Я заплатил за ночь, и мне было дозволено остаться до утра, чем я не преминул воспользоваться. До самой утренней зари я лежал обнажённый на холодеющем теле моей первой в жизни женщины и был несказанно счастлив. Запах её волос пьянил меня, и я никак не мог заставить себя оторваться от безжизненного тела. Мошка умерла, как и было предсказано судьбой.
Мой таинственный Тёмный Господин милостиво принял от меня жертвоприношение, и я вновь почувствовал себя счастливым и обновлённым.
Покидая комнатку, где я провёл незабываемую ночь, я положил покойнице на глаза два тяжёлых медных пятака.
— В расчёте! — произнёс я внезапно осипшим голосом, и в этот момент мне показалось, что веки у покойницы дрогнули, но тяжёлые монеты не позволили ей открыть глаза. Показалось. Из мира мёртвых обратной дороги нет!
Это постулат Вечности.
* * *
15 часов 05 мин. 28 сентября 20** года.
Посёлок Белая дача.
Ближнее Подмосковье
Дом был старый, но добротный: двухэтажный, из дубовых брёвен, обшитый потемневшим от времени и непогоды тёсом, и с большой застеклённой верандой.
Дачный участок вместе с только что отстроенным домом Василий Иванович получил сразу после Карибского кризиса. Первый секретарь, на радостях, что удалось избежать Третьей мировой войны, одним росчерком пера утвердил закрытое Постановление ЦК «О выделении земельных участков и строительстве комплекса государственных дач для ветеранов партии и членов правительства».

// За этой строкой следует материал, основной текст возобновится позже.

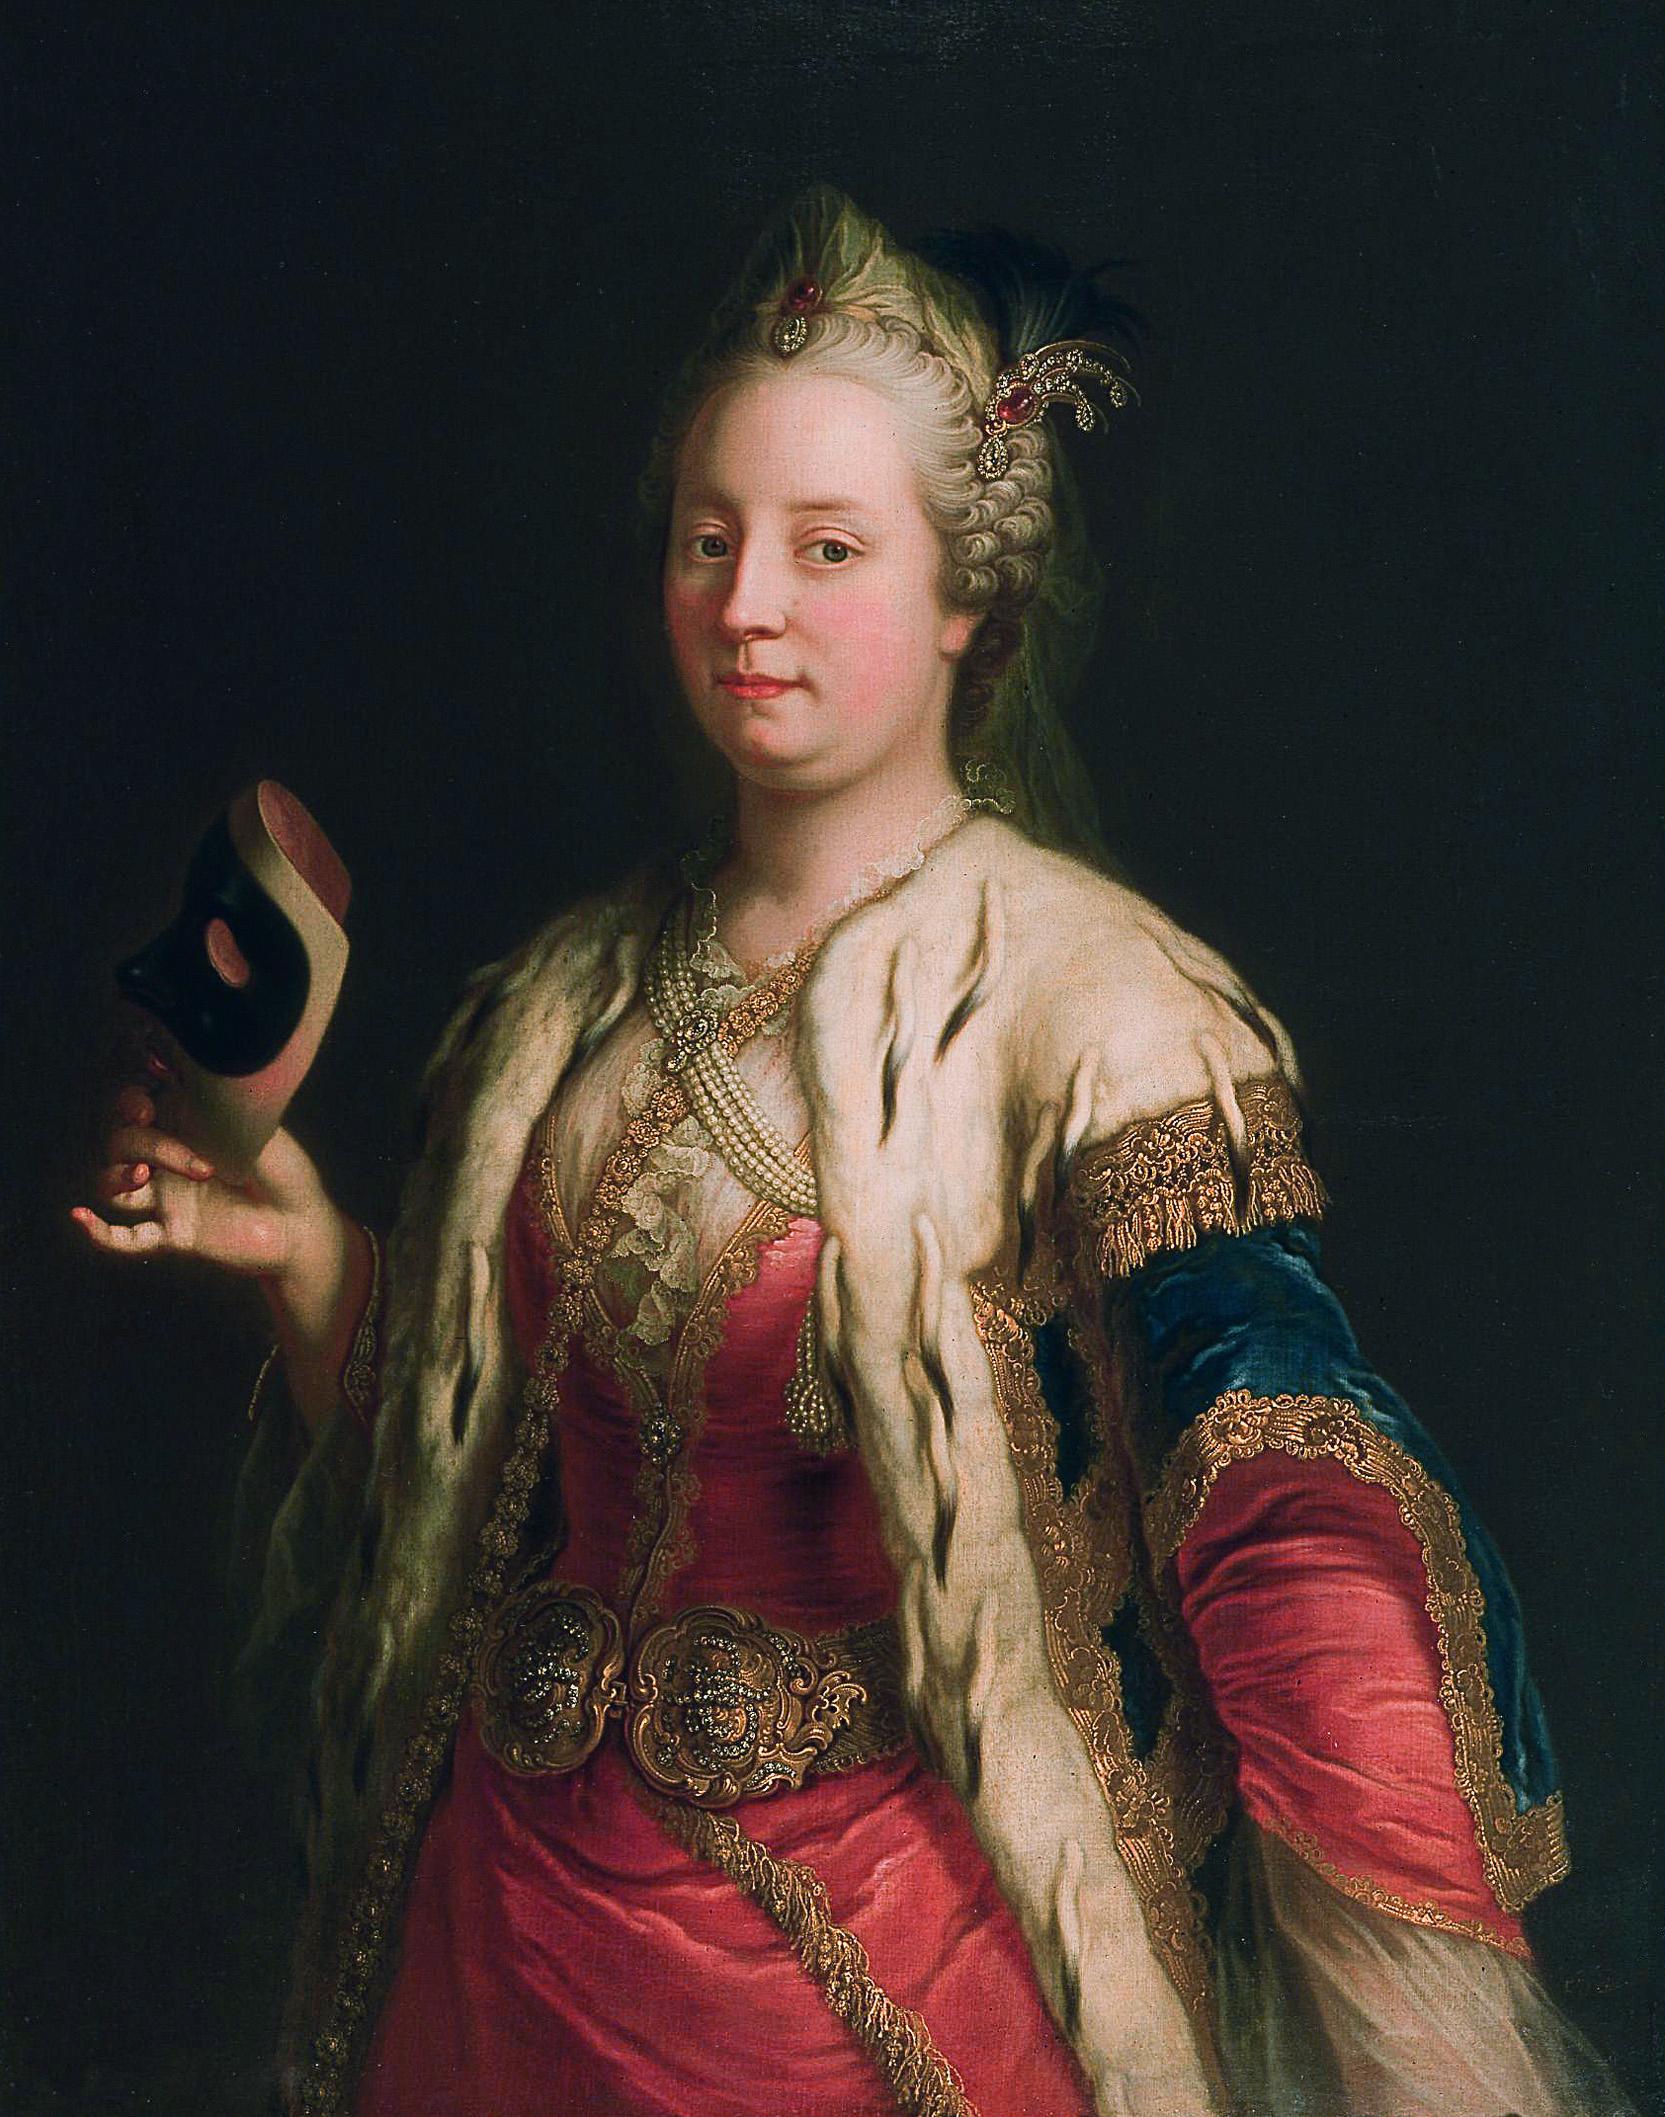 Marie-Therese d'Autriche, par Martin van Meytens

Дачи построили в рекордно короткий срок и обнесли высоким глухим забором. Видимо, закрытый дачный комплекс приравнивался по важности к военному стратегическому объекту, так как забор покрасили тёмно-зелёной масляной краской, а на въезде в посёлок поставили оборудованный телефоном и шлагбаумом милицейский пост. Это было первое послабление в отношении партийной элиты, которое не вызвало у Василия Ивановича внутреннего протеста. По сравнению с загородными домами нынешних членов правительства, дача Мостового была более чем скромной, можно сказать, пролетарской, но даже по истечению пятидесяти лет Василий Иванович продолжал испытывать к этому дому тёплые ностальгические чувства. Для него это был действительно дом, а не дача. В сознании старого партийца понятие «дача» продолжало ассоциироваться с элементами сладкой жизни, которая, по мнению Василия Ивановича, вела к буржуазному перерождению и была строго противопоказана государственным и партийным руководителям.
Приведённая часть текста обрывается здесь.